Closed ledm closed 2 months ago
stratify is lazy since v0.3.0 and the extract_levels
preprocessor is lazy in the ESMValCore development branch and release candidate ESMValCore v2.9.0rc1. The iris function broadcast_to_shape
is now lazy (https://github.com/SciTools/iris/pull/5359), but it is not yet in a released version of iris.
You could try installing iris from source (clone the repository and run pip install .
) or wait for the upcoming iris 3.6.1 release.
Okay, that's not the problem either!
Just loading the data is enough for it to get killed!
import iris
# from esmvalcore.preprocessor._regrid import extract_levels
from esmvalcore.preprocessor._volume import extract_surface
fn = "/badc/cmip6/data/CMIP6/CMIP/MOHC/UKESM1-0-LL/historical/r2i1p1f2/Omon/po4/gn/v20190708/po4_Omon_UKESM1-0-LL_historical_r2i1p1f2_gn_200001-201412.nc"
print('load cube:', fn)
cube= iris.load_cube(fn)
print(cube)
print(cube.data[:,0,:,:])
Also results in Killed. It's not @bjlittle's stratify's fault.

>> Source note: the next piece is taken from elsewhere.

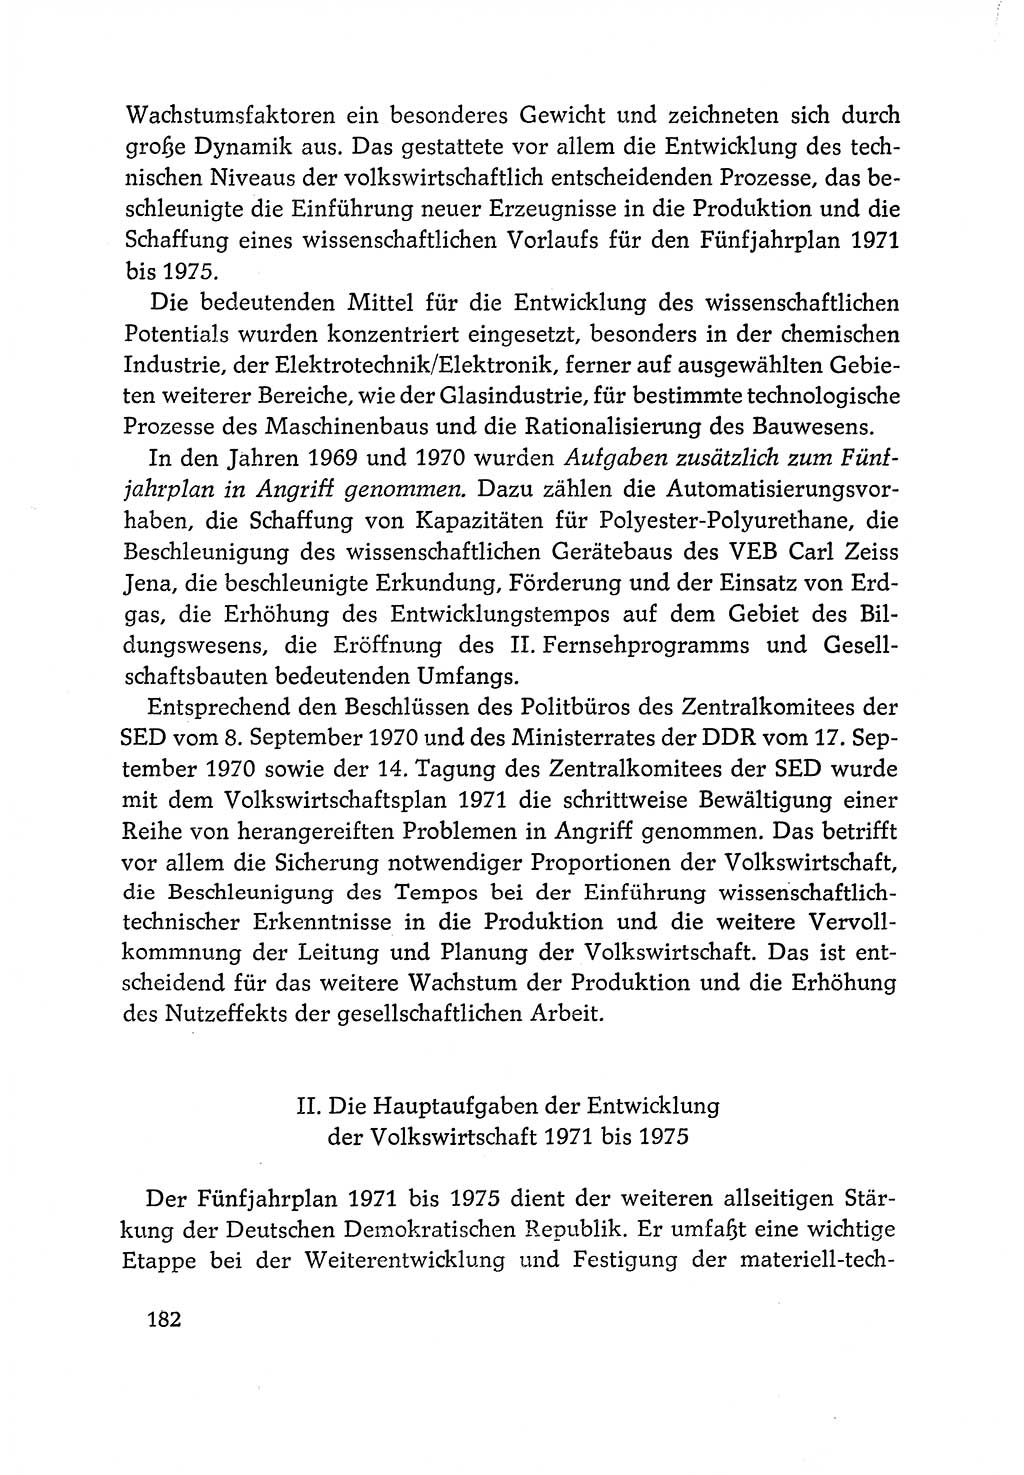 Dokumente der Sozialistischen Einheitspartei Deutschlands (SED) [Deutsche Demokratische Republik (DDR)] 1970-1971, Seite 182 (Dok. SED DDR 1970-1971, S. 182)

Just loading this data file breaks.
That's because you're trying to load all the data into memory, maybe it doesn't fit?
Try something like
import iris
fn = "/badc/cmip6/data/CMIP6/CMIP/MOHC/UKESM1-0-LL/historical/r2i1p1f2/Omon/po4/gn/v20190708/po4_Omon_UKESM1-0-LL_historical_r2i1p1f2_gn_200001-201412.nc"
print('load cube:', fn)
cube= iris.load_cube(fn)
print(cube)
print(cube.core_data()[:,0,:,:])
This works, thanks! .... but this returns a dask array, which is not what I want. I just want to extract the surface layer of a cube, returning a cube (convert 4D -> 3D, or 3D -> 2D). extract_layer
is unable to do that for these files either!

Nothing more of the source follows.